Как-то раз я, скрючившись за письменным столом в кабинете отца, переписывала бухгалтерские книги для мистера Локка. В моей комнате тоже имелся стол, но я предпочитала сидеть здесь. Отца все равно почти никогда не было дома. Мне нравились тишина и неподвижность этого кабинета, а в воздухе крохотными пылинками висел папин запах – запах морской соли, специй и незнакомых звезд.
Но больше всего мне нравился отличный вид на подъездную аллею, открывавшийся отсюда, и я знала, что точно не пропущу момент, когда к дому подъедет, покачиваясь, повозка Сэмюэля Заппиа. Он почти перестал присылать мне газеты – эта наша традиция практически сошла на нет, как переписка со старыми друзьями, чьи письма становятся все короче с каждым месяцем, – но всегда приветственно махал. В этот день я увидела, как его дыхание сорвалось с губ облачком пара, а потом он запрокинул голову, чтобы посмотреть на окно кабинета.
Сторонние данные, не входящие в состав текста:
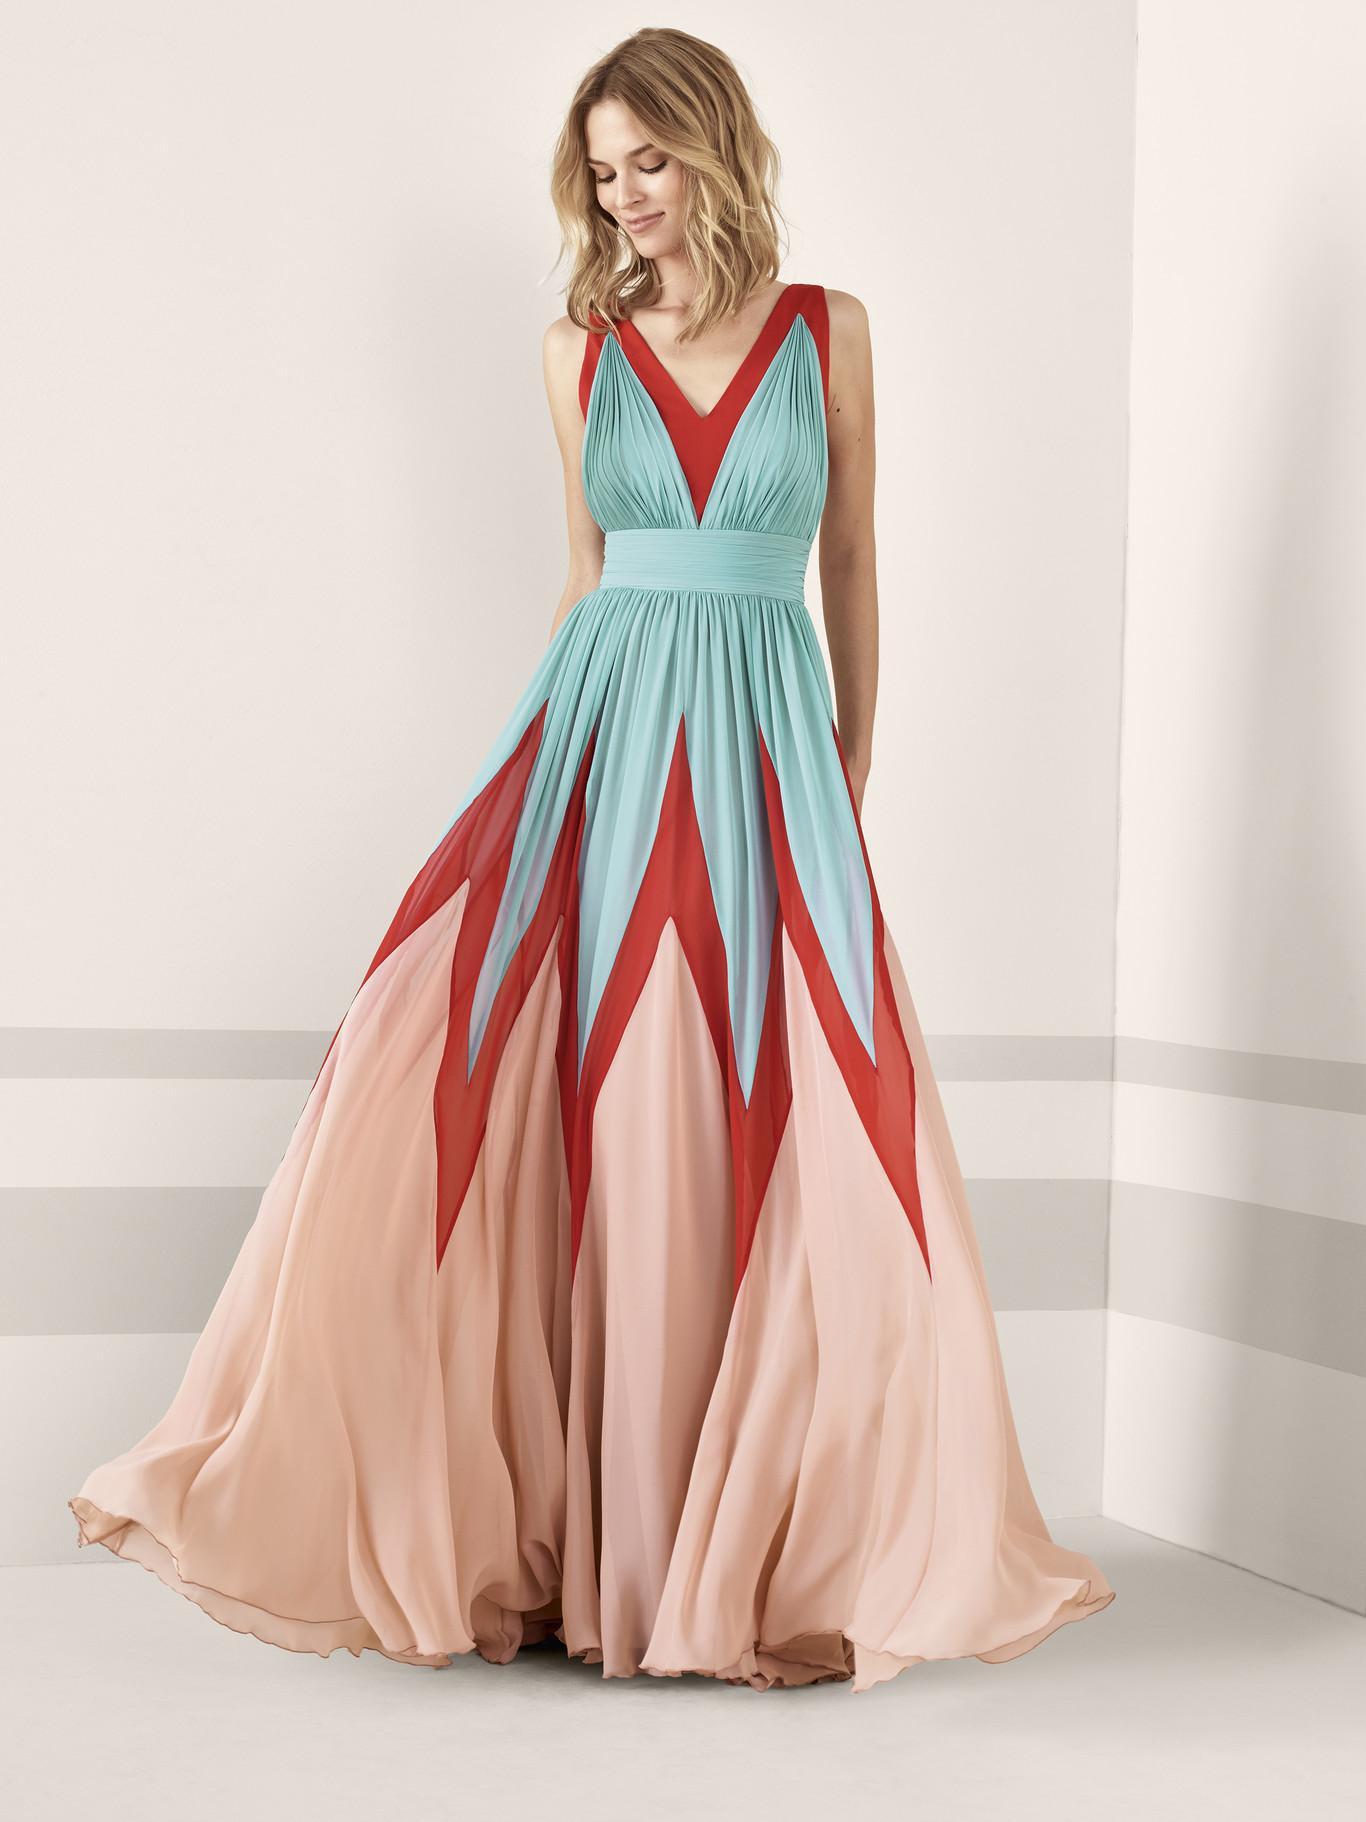 fd1a7ad2d4 Los 79 vestidos de fiesta de Pronovias colección 2019 con los que  deslumbrar como invitada

Мне показалось, или его зубы сверкнули в улыбке?
Его повозка свернула в направлении кухни, а я начала придумывать и тут же отметать предлоги, под которыми могла бы пройтись мимо него в ближайшие полчаса. И тут в дверь постучала мисс Вильда – с глубоким подозрением она сообщила, что юный мистер Заппиа хочет со мной поговорить.
– О. – Я попыталась изобразить непринужденный тон. – Зачем это?
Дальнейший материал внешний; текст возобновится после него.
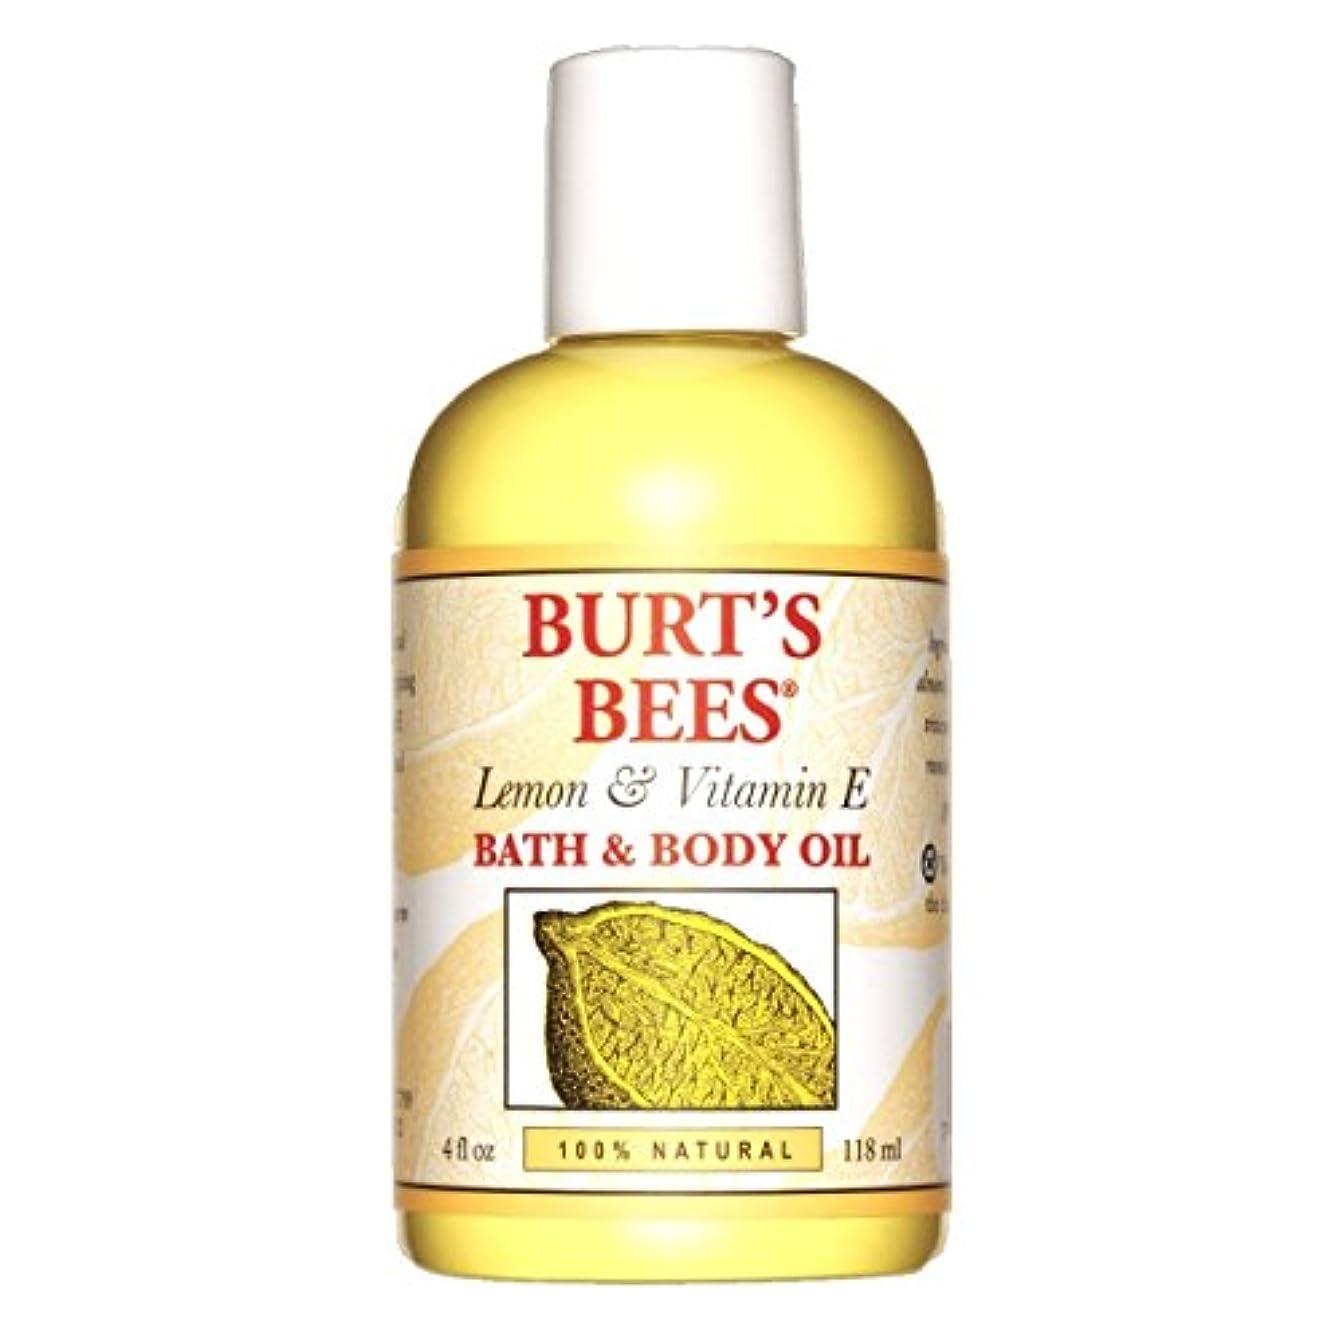 バーツビーズ(Burt's Bees) レモン&ビタミンE バスアンドボディオイル 118ml [海外直送品][並行輸入品]

И отправилась вниз. Вильда шла за мной по пятам, как большая шерстяная тень. Сэмюэль дожидался меня, стоя рядом со своими пони и бормоча что-то в их бархатистые ушки.
– Мисс Сколлер, – произнес он в знак приветствия.
Я заметила, что большинство бед, с которыми сталкиваются подростки, обошли его стороной. Вместо того чтобы отрастить десяток лишних локтей и превратиться в подобие неуклюжего новорожденного жирафа, он стал более складным и грациозным. Более привлекательным.
– Сэмюэль. – Я обратилась к нему самым «взрослым» тоном из возможных, как будто не бегала с ним в догонялки, требуя немедленно сдаться, и не поила его волшебными зельями, состоявшими из сосновой хвои и озерной воды.
Он окинул меня оценивающим взглядом. Я постаралась не думать о своем бесформенном шерстяном платье, которое так нравилось Вильде, и о том, как мои непослушные волосы все время вырываются из плена шпилек. Вильда грозно покашляла, напомнив мумию, которая прочищает горло от могильной пыли.
Сэмюэль покопался в повозке и достал укрытую чем-то корзину.
– Это вам. – Выражение его лица ничего не выдавало, но едва заметная складочка возле уголка губ могла быть намеком на улыбку. Его глаза сияли знакомым светом воодушевления. Точно так же он смотрел на меня, когда пересказывал сюжет очередного низкосортного романа и добирался до места, где главный герой в решающий момент врывается и спасает похищенного ребенка. – Возьмите.
Читатель, наверное, уже думает, что эта история в итоге окажется вовсе не о Дверях, но о более личных и в то же время более волшебных вратах, которые открываются между двумя сердцами. Может, так и есть – я убеждена: каждая история может оказаться историей любви, если посмотреть на нее в правильное мгновение, под правильным углом в лучах закатного солнца, – но тогда речи об этом не шло.